Various embodiments additionally can include a system for determining a conversational context for a conversational input and generating a response accordingly. The system can include one or more processors and one or more non-transitory computer-readable media storing computing instructions configured to, when run on the one or more processors, cause the one or more processors to perform one or more acts. The one or more acts can include upon receiving, from a computer network, a conversational input from a user device for a user, determining a context based on one or more contextual units. The one or more contextual units can be associated with immediate prior one or more conversational inputs relative to the conversational input. The one or more acts further can include determining an intent associated with the conversational input based on the context. The one or more acts also can include determining one or more entities associated with the conversational input based on the context and one or more expected entities determined based on one or more predefined conversation flows. After the intent and the one or more entities are determined, the one or more acts can include determining an output based on the intent and the one or more entities. Finally, the one or more acts can include transmitting, via the computer network, the output to be displayed on the user device.

Various embodiments also can include a method for determining a conversational context for a conversational input and generating a response accordingly. The method can be implemented via execution of computing instructions configured to run at one or more processors and stored at one or more non-transitory computer-readable media. The method can include upon receiving, from a computer network, a conversational input from a user device for a user, determining a context based on one or more contextual units. The one or more contextual units can be associated with immediate prior one or more conversational inputs relative to the conversational input. The method also can include determining an intent associated with the conversational input based on the context. Moreover, the method can include determining one or more entities associated with the conversational input based on the context and one or more expected entities determined based on one or more predefined conversation flows. Additionally, the method can include determining an output based on the intent and the one or more entities. The method further can include transmitting, via the computer network, the output to be displayed on the user device.

In many embodiments, the techniques described herein can provide a practical application and several technological improvements. In some embodiments, the techniques described herein can provide improved natural language understanding (NLU) of a computer system (e.g., a virtual assistant) based on conversational context learned from prior interactions with users. These techniques described herein can provide a significant improvement over conventional NLU approaches. Some conventional approaches rely on a user's latest conversational input and thus cannot fully understand the user's intent or the entities involved when the latest conversational input is ambiguous. Other approaches use dialog state tracking with deterministic rules. However, deterministic rules generally are difficult to manage and often subject to exceptions. As such, an improved NLU system or method with a novel deep learning architecture as disclosed here is desired.

In a number of embodiments, the techniques described herein can solve a technical problem that arises only within the realm of computer environment, as virtual assistants do not exist outside the realm of computer networks. Moreover, the techniques described herein can solve a technical problem that cannot be solved outside the context of computer networks. Specifically, the techniques described herein cannot be used outside the context of computer networks, in view of a lack of data.
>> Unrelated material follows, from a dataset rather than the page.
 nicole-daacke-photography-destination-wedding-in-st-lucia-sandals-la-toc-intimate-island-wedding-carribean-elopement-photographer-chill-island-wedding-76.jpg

Although automatic natural language understanding has been described with reference to specific embodiments, it will be understood by those skilled in the art that various changes may be made without departing from the spirit or scope of the disclosure. Accordingly, the disclosure of embodiments is intended to be illustrative of the scope of the disclosure and is not intended to be limiting. It is intended that the scope of the disclosure shall be limited only to the extent required by the appended claims. For example, to one of ordinary skill in the art, it will be readily apparent that any element of FIGS. 1-5 may be modified, and that the foregoing discussion of certain of these embodiments does not necessarily represent a complete description of all possible embodiments. For example, one or more of the procedures, processes, or activities of FIGS. 4-5 may include different procedures, processes, and/or activities and be performed by many different models or layers, in many different orders. As another example, the modules, models, elements, layers, and/or systems within system 300 or system 310 in FIG. 3 or used in method 400 in FIG. 4 can be interchanged or otherwise modified. Further, the systems and/or methods can include training the deep-learning architecture and/or various layers in system 300 or 310 in FIG. 3 based on training datasets as well as preparing the training datasets by using historical user logs that are tagged and validated. Moreover, the systems and/or methods can include optimizing the deep-learning architecture and/or various layers in system 300 or 310 in FIG. 3 by adjusting the hyper-parameters used.
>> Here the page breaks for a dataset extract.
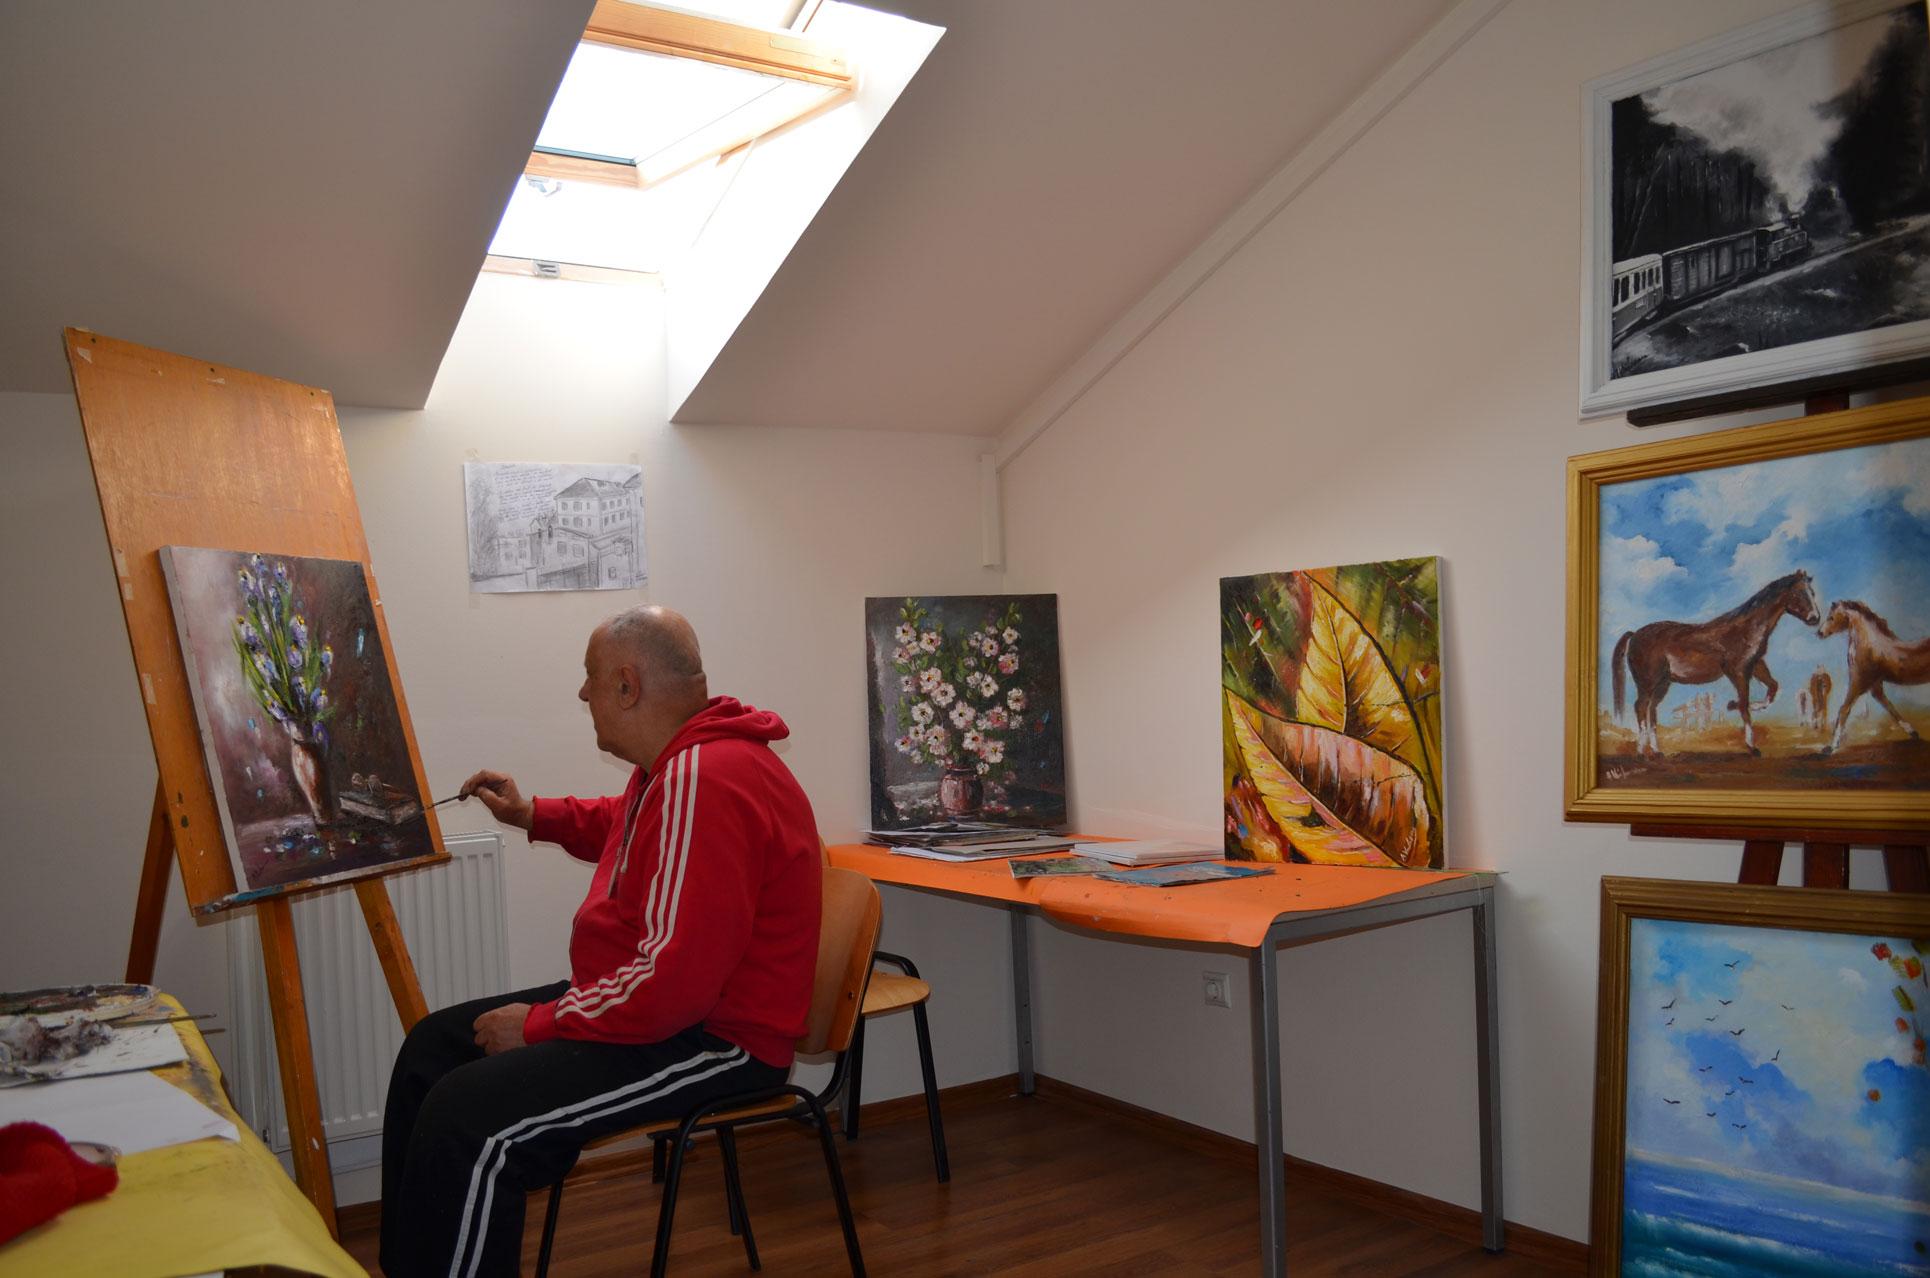 Atelier-de-pictura-penitenciarul-timisoara-grozav

Further, in many embodiments, one or more machine learning models (e.g., embedding layer 3110 (FIG. 3), feedforward layer 3120 (FIG. 3), attention layer 3130 (FIG. 3), intent classification layer 3140 (FIG. 3), and/or entity recognizing layer 3150 (FIG. 3), etc.) can be pre-trained or trained to perform one or more of the above-mentioned procedures, processes, activities, and/or methods in system 300 (FIG. 3), system 310 (FIG. 3), method 400 (FIG. 4), and/or method 500 (FIG. 5). Examples of the algorithms used for the machine learning models can include BERT, LLM, Lambda, Palm, XLNet, GPT-3, GPT-4, K-Nearest Neighbors (KNNs), decision trees, linear regression, logistic regression, K-Means, neural networks, fuzzy logic, fully connected feedforward neural network (FNN), convolutional neural networks (CNNs), and so forth.

Additionally, in various embodiments, each of the machine learning models used can be trained once or dynamically and/or regularly (e.g., every day, every week, etc.). The training of each of the machine learning models can be supervised, semi-supervised, and/or unsupervised. The training data of training datasets for pre-training or re-training each of the machine learning models can be collected from various data sources, including synthetic training data, or historical input and/or output data by the machine learning model, etc. For example, in a number of embodiments, the input and/or output data of a machine learning model can be curated by a user (e.g., a machine learning engineer, etc.) or automatically collected every time the machine learning model generates new output data to update the training datasets for re-training the machine learning model. In many embodiments, the trained and/or re-trained machine learning model as well as the training datasets can be stored in, updated, and accessed from a database (e.g., database(s) 330 (FIG. 3)).

In some embodiments, the users, systems, and/or methods further can determine whether to add the newly-created historical input and/or output data to the training dataset for retraining the machine learning model(s) based on user feedback, predetermined criteria, and/or confidence scores for the historical output data. The user feedback can be associated with the output data of the machine learning model(s) or the output of the systems and/or methods using the machine learning model(s) (e.g., system 300 (FIG. 3), system 310 (FIG. 3), method 400 (FIG. 4), method 500 (FIG. 5), etc.). Examples of user feedback can include a review score, one or more user actions (e.g., a user's decision to add an item to the online shopping cart, etc.), and so forth.

In embodiments where machine learning techniques are not explicitly described in the processes, procedures, activities, and/or methods, such processes, procedures, activities, and/or methods can be read to include machine learning techniques suitable to perform the intended activities (e.g., determining, processing, analyzing, generating, etc.). In a number of embodiments, the one or more machine learning models can be configured to start or stop automatically upon occurrence of predefined events and/or conditions. In certain embodiments, the systems and/or methods can use a pre-trained machine learning model, without any re-training.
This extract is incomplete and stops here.